**DATA SHOWN**
════════════════

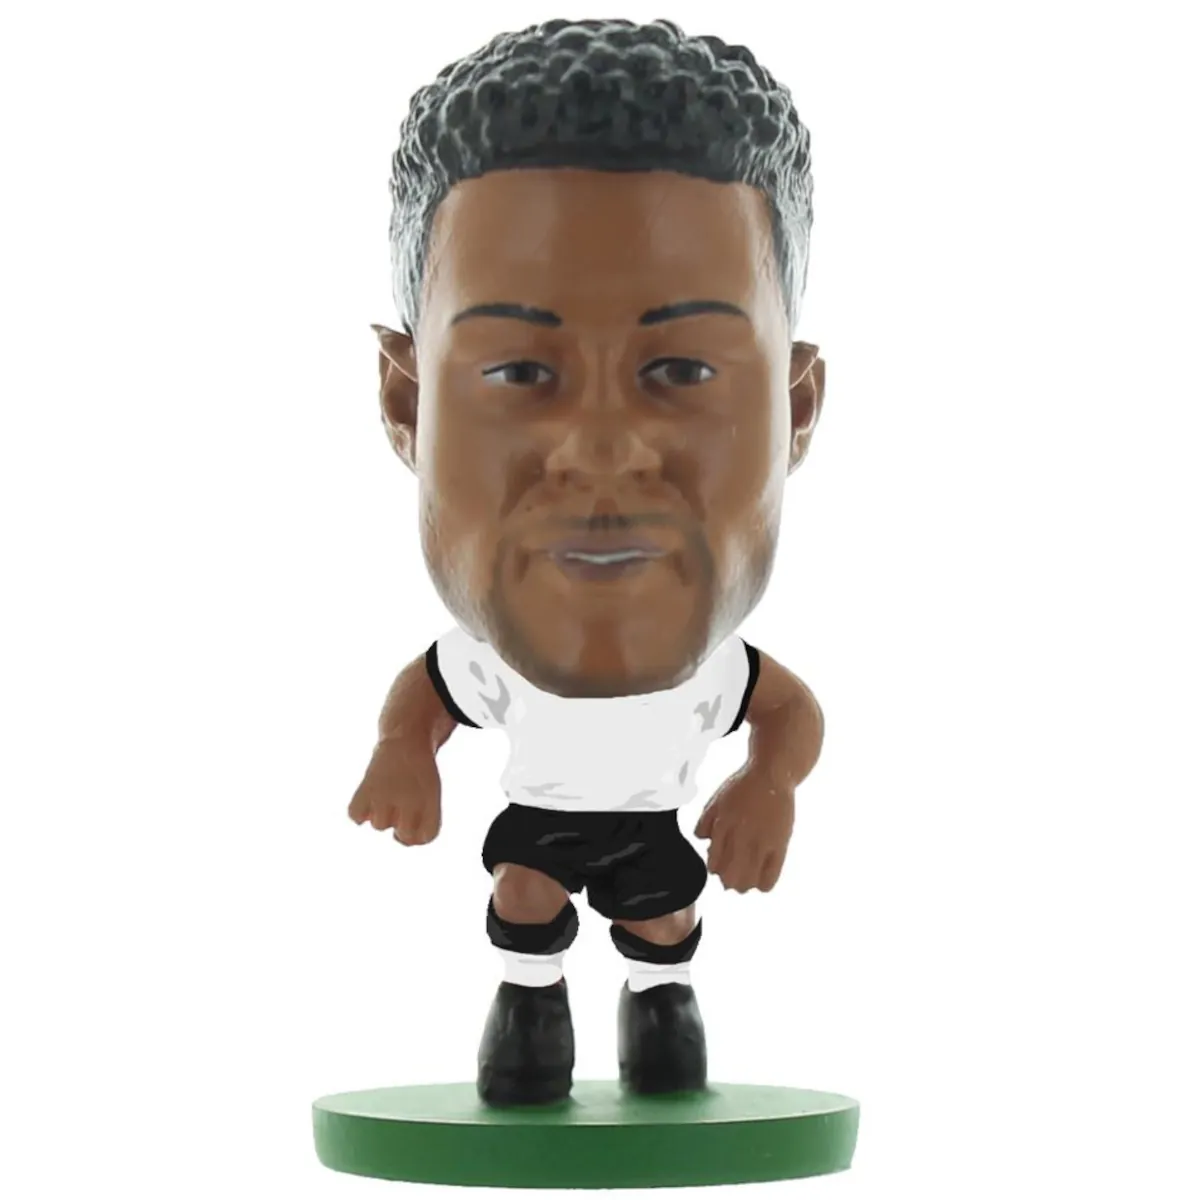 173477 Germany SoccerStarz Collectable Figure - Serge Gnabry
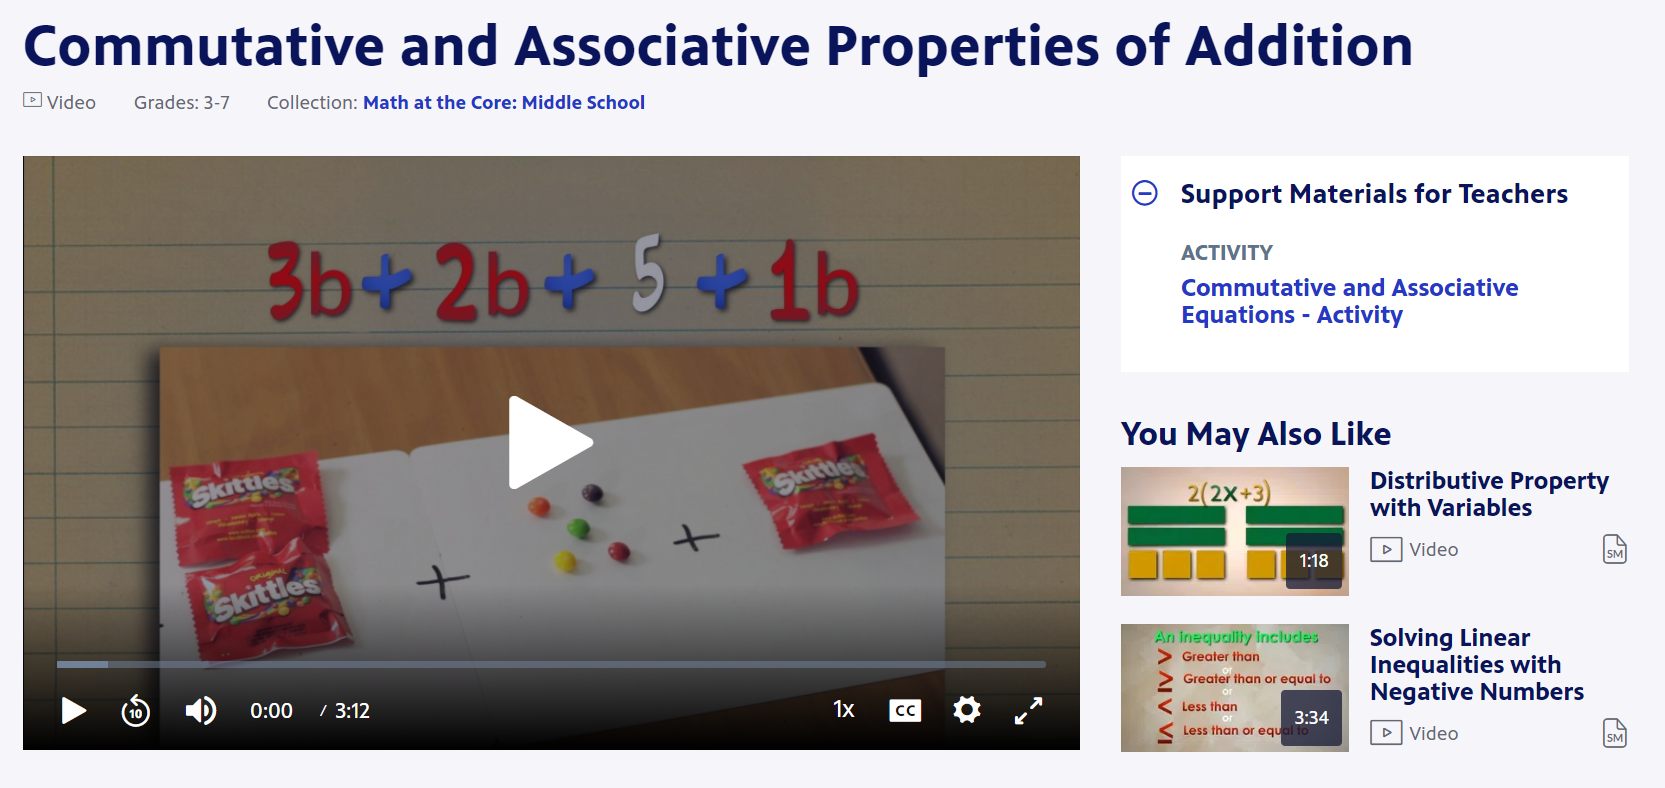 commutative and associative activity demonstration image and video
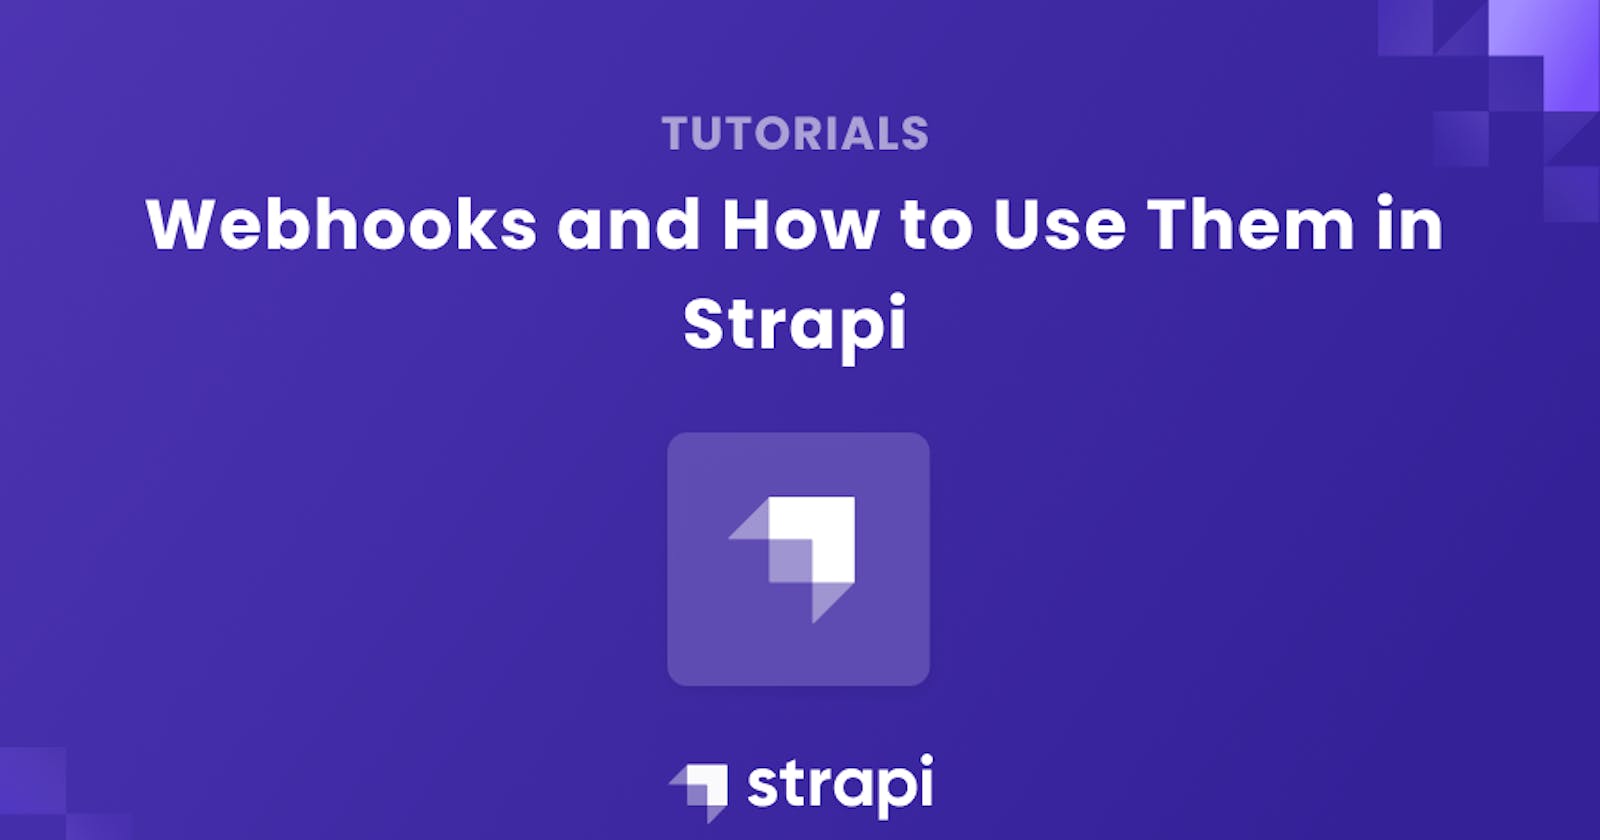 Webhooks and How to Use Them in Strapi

════════════════

**INSTRUCTIONS TO FOLLOW**
With the pictures left out, write out all of the data exactly.

**REPLY**
 173477 Germany SoccerStarz Collectable Figure - Serge Gnabry
 commutative and associative activity demonstration image and video
 Webhooks and How to Use Them in Strapi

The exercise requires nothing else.